In a frequent alignment between the two companies, Spanish distribution will be handled by Adolfo Blanco’s A Contracorriente Films, one of Spain’s top indie distributors.

Also written by Subirana, the film is produced by another new Catalan generation leading-light: Director-producer Alba Sotorra whose latest outing behind the cameras, “The Return: Life After ISIS,” which world premiered at SXSX, was nominated for a 2022 Intl. Emmy Award and was described by Variety as a “compassionate, essential glimpse into the aftermath of radicalization.”

A triple winner at 2022’s Malaga Festival work in progress,

“Sica” encapsulates many of the currents now coursing through cutting-edge fiction in Spain: a redolent sense of place; a story told with large naturalism; yet far larger universal themes lending the local tale a sense of urgency.

Also produced by Andrea Vázquez and Xavi Font at Galicia-based Miramemira, behind Oliver Laxe’s 2019 Cannes Un Certain Regard Jury Prize winner “Fire Will Come,” “Sica” in set on Galicia’s treacherous Costa da Morte, renown for its cliffs, green pastures and ghastly history of shipwrecks which reaches down to the modern day, caused by a violent Atlantic Ocean smashing into half-hidden rock shelves just off the coast. 

The latest has taken the life of Sica’s father, captain of a small fishing vessel. though she still holds out hope that the sea will dredge up his body and visits everyday the Furna das Grallas, a dark cavern on a cliff which bottoms out in the churning ocean below, where seamen’s souls go to rest, or so folk lore has it.

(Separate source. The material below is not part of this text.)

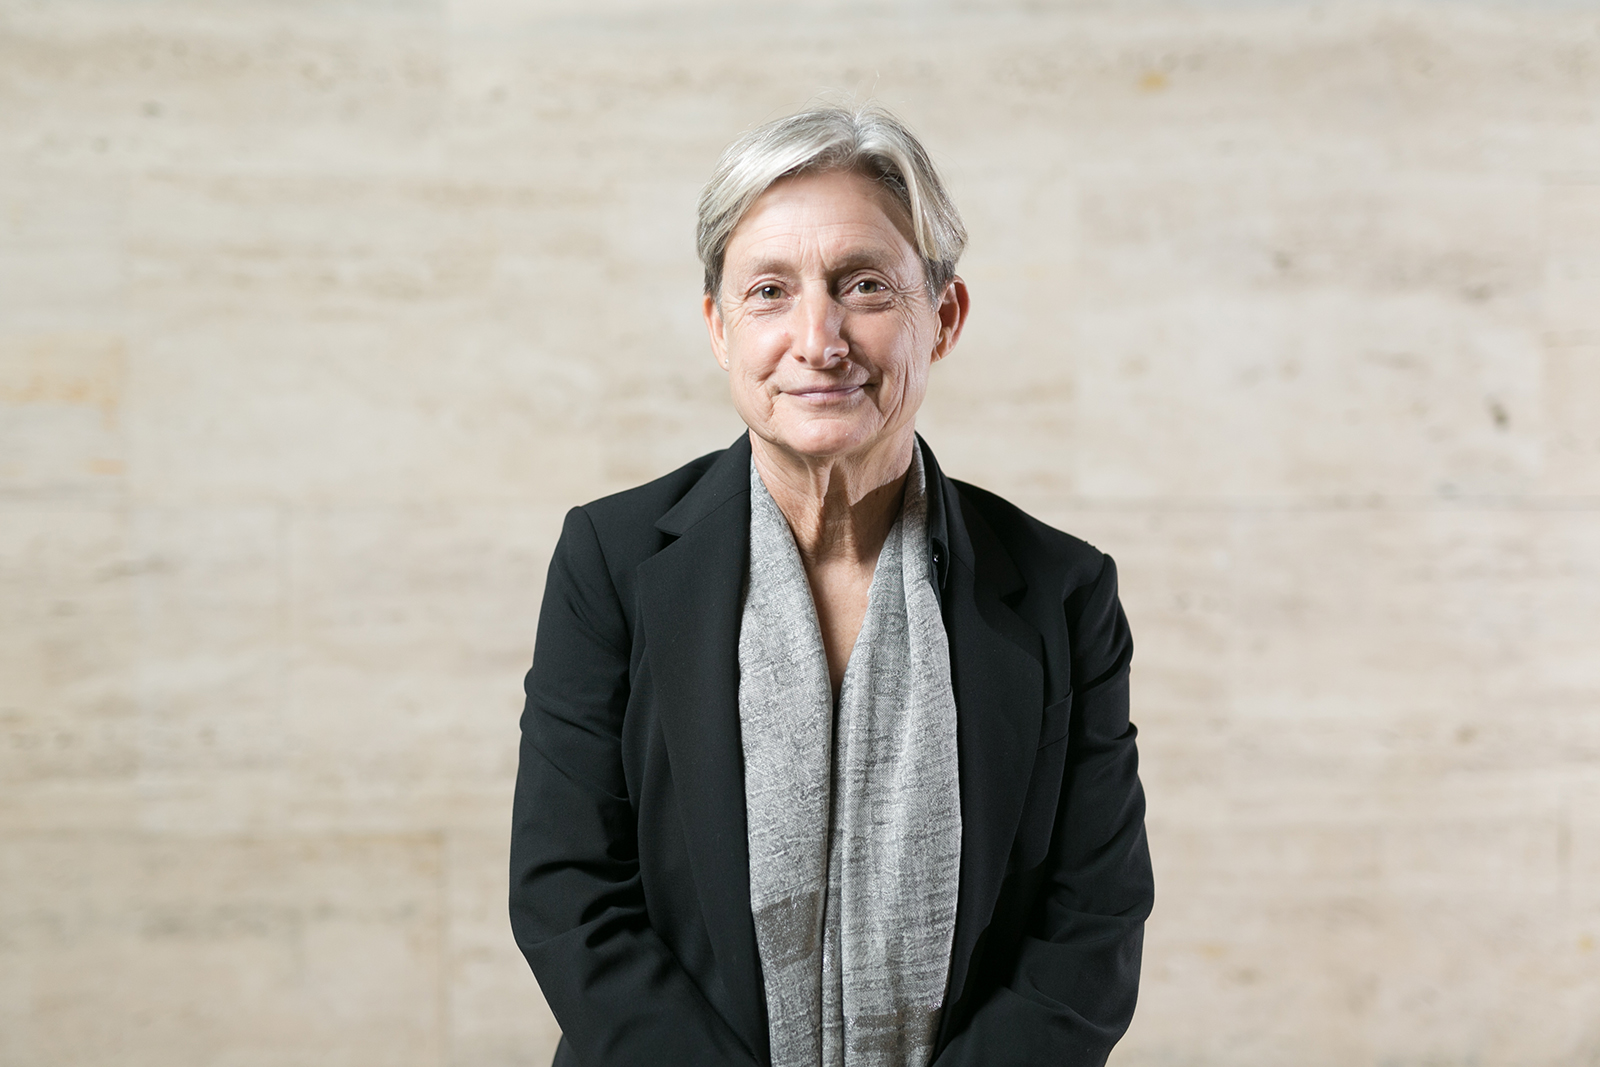 La filósofa estadounidense Judith Butler. WIKIPEDIA

As Sica begins to take a confused interest in boys, she discovers there is more to her father’s death than meets the eye as Suso, 15, a neighbor who measures wind speeds predicts the arrival of Ophelia, the mother of al storms.

A classic coming of age grounded in a redolent setting, “Sica” acquires depth as the portrait of a region ravaged by the end to its economic mainstay, fishing, and escalating climate change. 

“‘Sica’ combines documentary and fiction techniques,” Subirana noted to Variety at last year’s Málaga Festival. 

“With the magic that comes from the landscape – full of traditions and legends of its own,” she added, “Sica” presents the fishermen and fisherwomen’s hard world seen through the eyes of a girl who faces the challenge of leaving behind her childhood fantasies, with the disenchantment that goes with it.

“Sica” mix of authentic local detail and larger universal issues – psychological, social, environmental – relates it to titles by. News generation of filmmakers with a large sense of place such as Carla Simón’s Berlin Golden Bear winner “Alcarrás” and Alauda Ruiz De Azua’s “Lullaby,” another Latido pick-up which swept last March’s Málaga Festival being described by Pedro Almodóvar as undoubtedly the best debut in Spanish cinema for years.”

“Sica” is “a brilliant debut film, pure poetry, and a great opportunity for us to work for the first time with outstanding producers Alba Sotorra and Xavi Font, who are definitively among the great producers to track in Spain right now,” said Latido Films head Antonio Saura.

“Their sensibility as to what makes a good film, and know-how applied to help an extremely talented director is what makes working with them such a pleasure. So not only the film is delightful; also to have the chance of this collaboration makes Latido really proud.”